This study presents a versatile approach integrating various neural network architectures with a focus on classifying architectural works. To address the lack of suitable datasets in the literature, a custom dataset has been created and made publicly available. The study aims to determine the most effective model, taking into account fine details in architectural styles. In this context, a comparative analysis has been conducted on four different convolutional neural network (CNN) architectures, including a baseline model trained from scratch and models using transfer learning methods with VGG, ResNet, and EfficientNet architectures. Through experiments, the EfficientNet architecture was fine-tuned, achieving an accuracy of %84.65 for 3 architects and %74.08 for 16 architects. Additionally, the two obtained models were used as feature extractors to visualize relationships among architects in a 2D space using the t-SNE dimension reduction technique. These promising results indicate that these techniques can significantly contribute to architectural style analysis and serve as valuable tools for creating innovative designs through the use of generative artificial intelligence.
The primary goal is to understand the evolution of architectural styles during the specified historical periods. The study delves into the distinctive styles of architects who played key roles in shaping the First and Second National Architectural Movements.

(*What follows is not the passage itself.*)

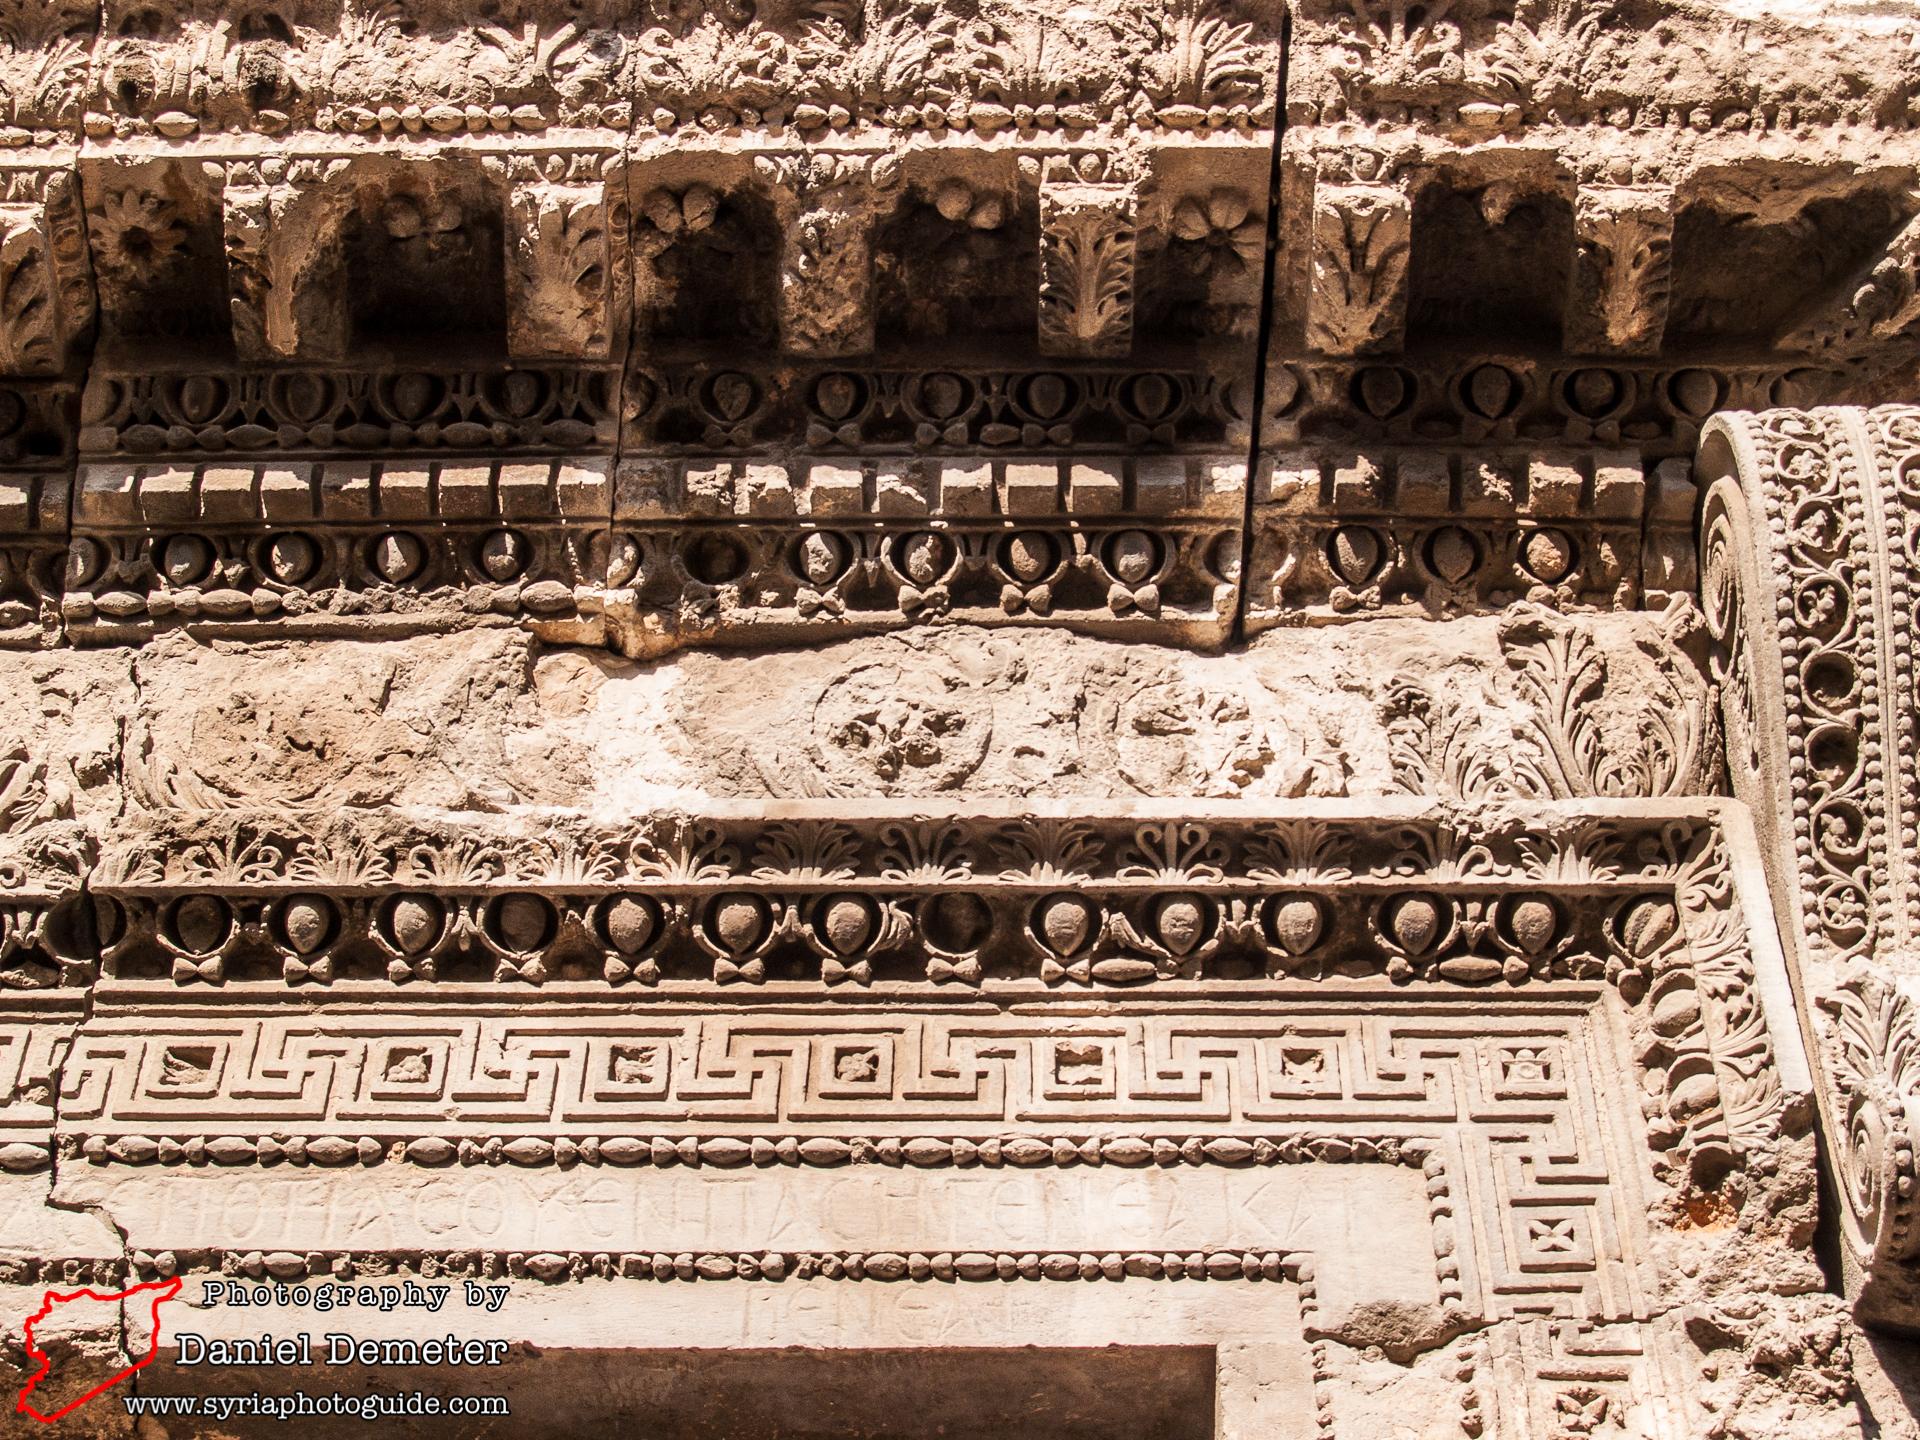 Damascus – Roman Ruins دمشق – الآثار الرومانية | Syria Photo

For more in-depth details, you can read our published paper: Architectural Works of the Early Republic Period from an Artificial Intelligence Perspective, presented at the 2024 32nd Signal Processing and Communications Applications Conference (SIU), Mersin, Turkiye.
- Architects-All Dataset: Hugging Face - Architects-All Dataset
- Architects-Top Dataset: Hugging Face - Architects-Top Dataset
- Trained Models: Hugging Face - Trained Models
- Architects-Top Dataset Accuracy: 84.65%
- Architects-All Dataset Accuracy: 74.08%
- 0.43 silhouette score for the clustering
Watch our video for a concise overview of our study:
All code is available in the Jupyter Notebook classify_arch.ipynb.
- Enhance the Dataset: Integrate more architectural datasets to improve generalization.
- Explore Advanced Neural Network Architectures: Investigate models with Transformer and attention mechanisms for further innovation.
- Generative AI and Practical Application: Apply the trained model to support architects in design processes while exploring connections with generative AI.